There’s also the question of whether remote surgery is solving the right problem. The global shortage of surgeons — particularly specialists — is real. The World Health Organization estimates that 5 billion people lack access to safe surgical care. Remote surgery could theoretically allow a specialist in Boston to operate on a patient in rural Kenya. That’s a compelling vision. But it assumes the receiving facility has a functioning surgical robot (which costs $1-2 million), trained support staff to position the patient and manage anesthesia, reliable power, and the network infrastructure described above. The surgeon is only one piece of a complex system.

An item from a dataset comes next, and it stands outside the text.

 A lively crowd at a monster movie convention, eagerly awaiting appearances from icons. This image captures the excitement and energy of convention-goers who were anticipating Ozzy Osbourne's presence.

I grew up in the Midwest, in communities where the nearest specialist was hours away. I understand the appeal of telemedicine and its extensions. But having watched technology hype cycles for decades — I started tinkering with computers before most of my classmates knew what a modem was — I’ve learned to distinguish between what works in a demonstration and what works at Tuesday-morning scale.

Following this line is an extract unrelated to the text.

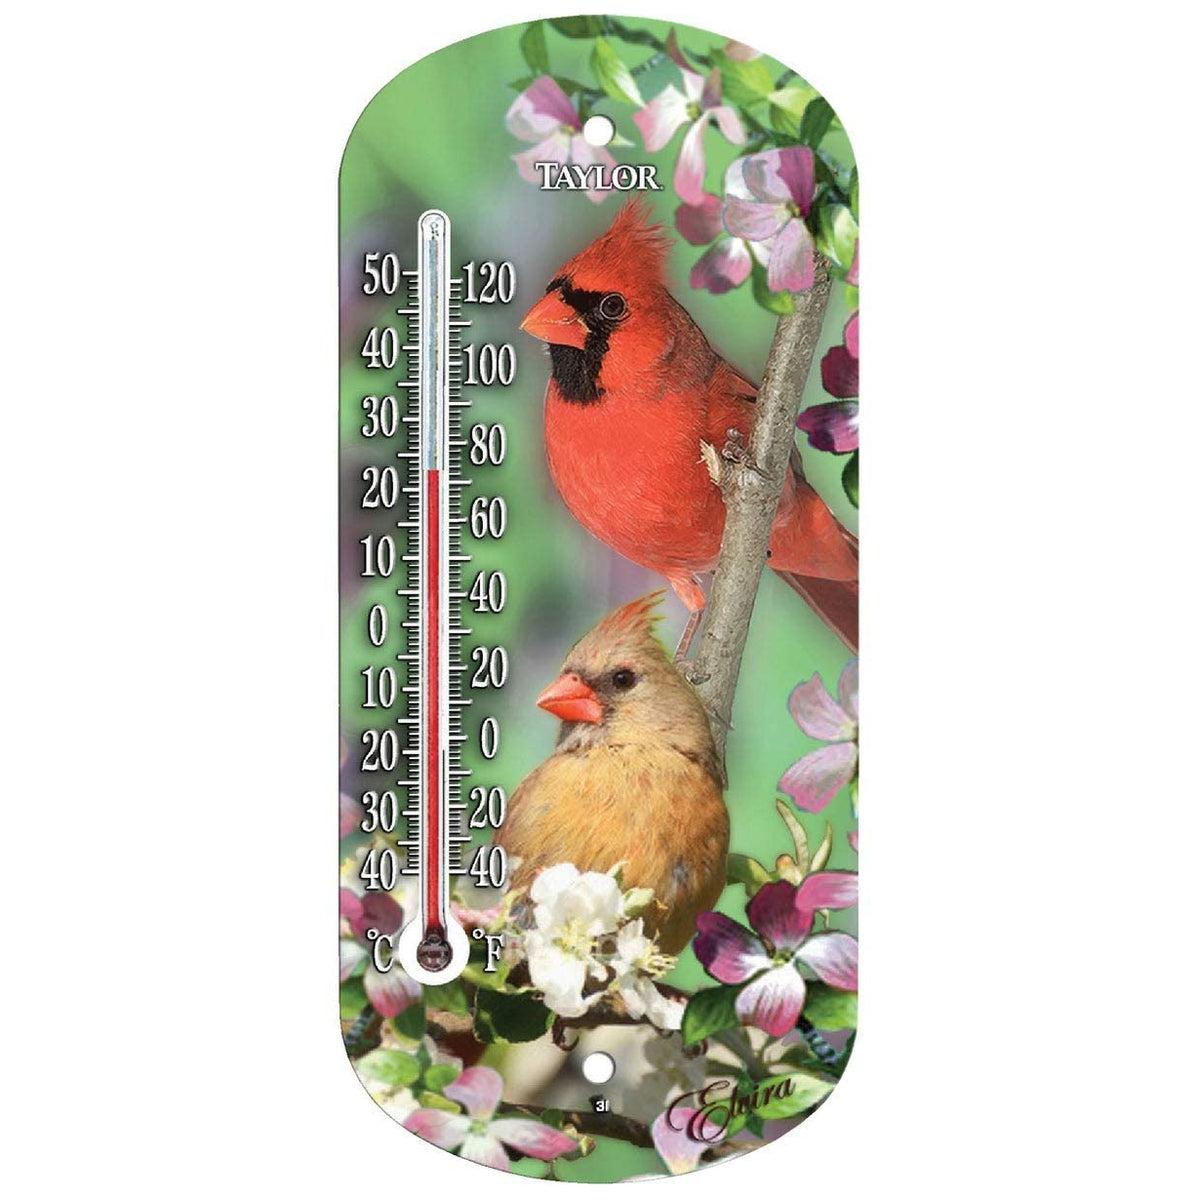 Taylor 5204 Cardinal Decorative Window View Tube Thermometer, -40 to 120 deg F

The NYU team deserves credit. Genuinely. They’ve pushed the technical envelope and demonstrated that the latency barrier can be managed over intercontinental distances with the right infrastructure. Dr. Michael Lee, who led the surgical team, told reporters the procedure went “exactly as planned,” and the patient was discharged within the expected recovery window. That’s a good outcome.

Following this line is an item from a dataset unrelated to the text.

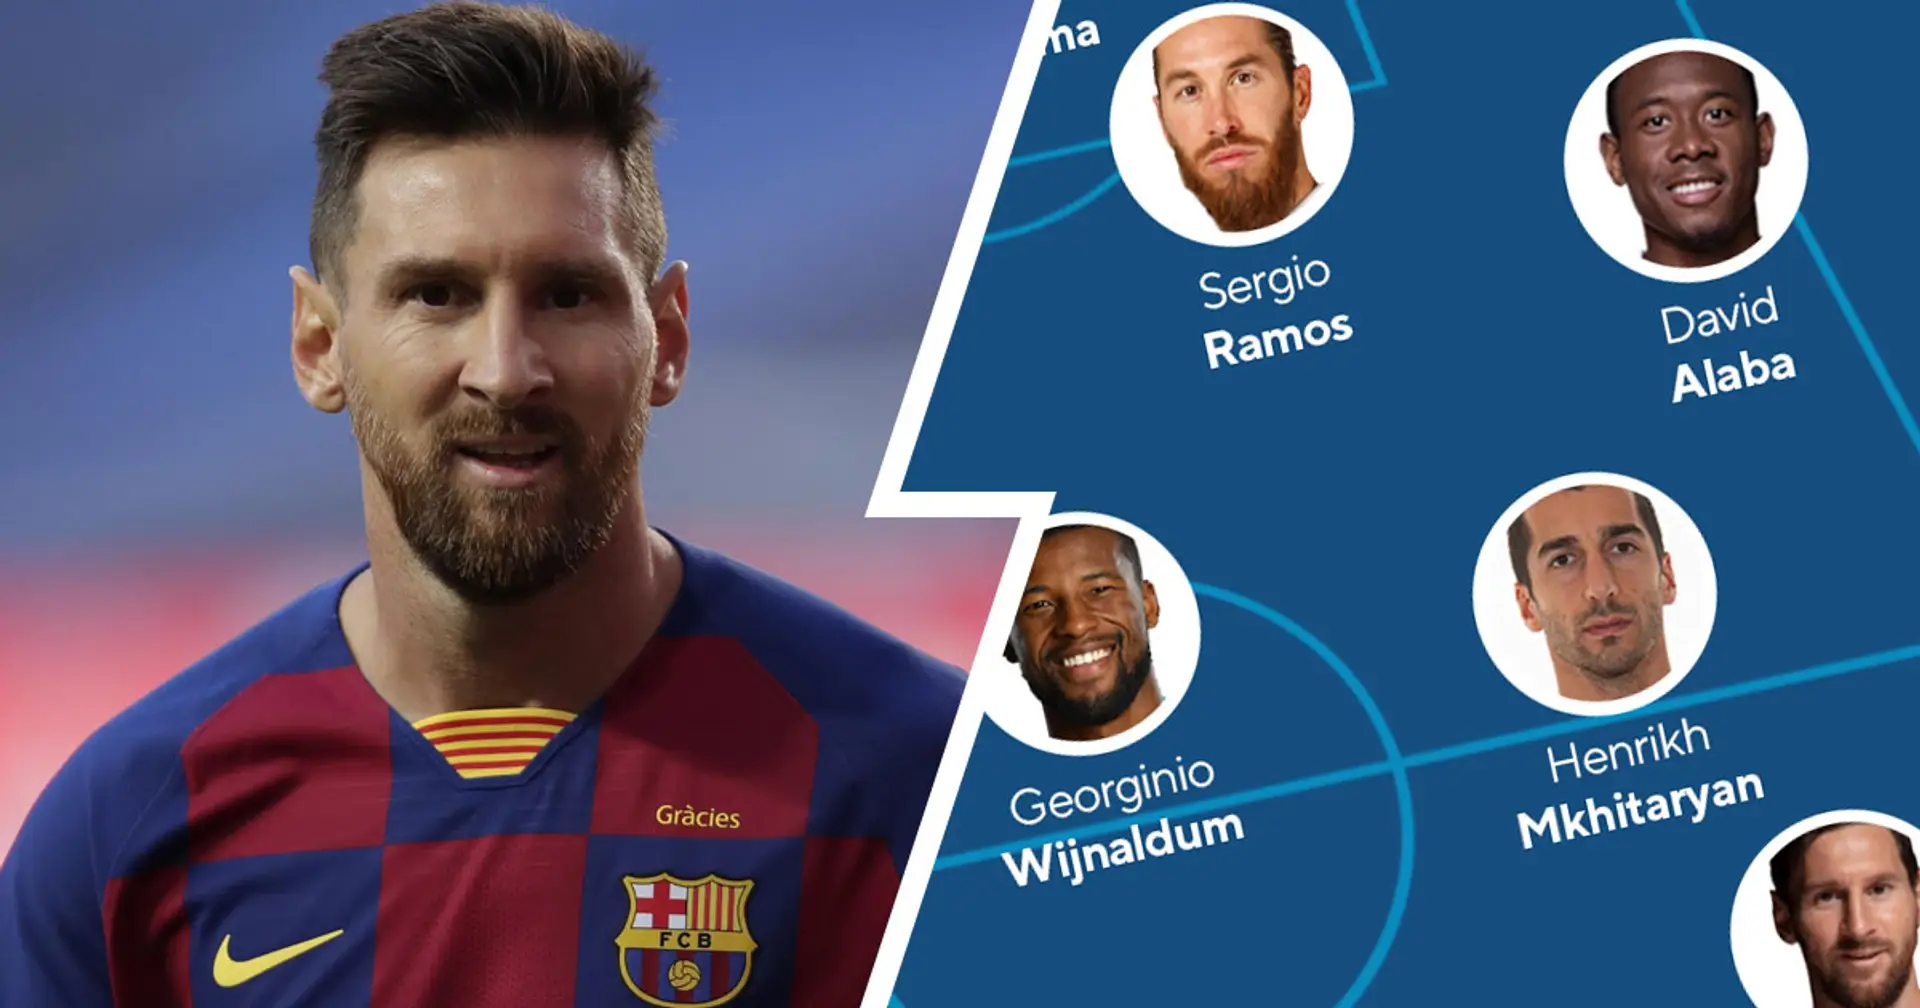 Leo Messi, David Alaba and more: Most interesting free agent XI in summer 2021 transfer window

But one successful procedure on a dedicated network doesn’t constitute a viable clinical program. Intuitive Surgical, the maker of the da Vinci system, has been cautious in its public statements about telesurgery, and for good reason. Their business model depends on reliability and regulatory compliance, not headline-grabbing demonstrations. According to their 2024 annual report, the company installed over 9,000 da Vinci systems worldwide, but none are marketed or approved for remote operation across clinical sites.
The path forward likely involves incremental steps rather than a dramatic leap. Telementoring — where an expert surgeon guides a less experienced surgeon in real time via video and augmented reality overlays — is already happening and doesn’t require the same latency guarantees as direct telemanipulation. It’s less glamorous. It also works with existing infrastructure. Several academic medical centers, including the Mayo Clinic and Johns Hopkins, have active telementoring programs that have demonstrated measurable improvements in surgical outcomes at partner hospitals, as reported by Healthcare IT News.
My position is straightforward. Remote robotic surgery will eventually become clinically viable at scale. The physics and engineering support it. But “eventually” is doing a lot of work in that sentence. The infrastructure gap is real, the regulatory framework is absent, and the cost barriers are substantial. Industry insiders should watch the network buildout — particularly dedicated medical-grade network slicing on 5G — more closely than they watch surgical demonstrations. The robot isn’t the bottleneck. The pipe is.
And until someone solves the pipe problem, telesurgery remains what it has been since 2001: a spectacular proof of concept waiting for the world to catch up.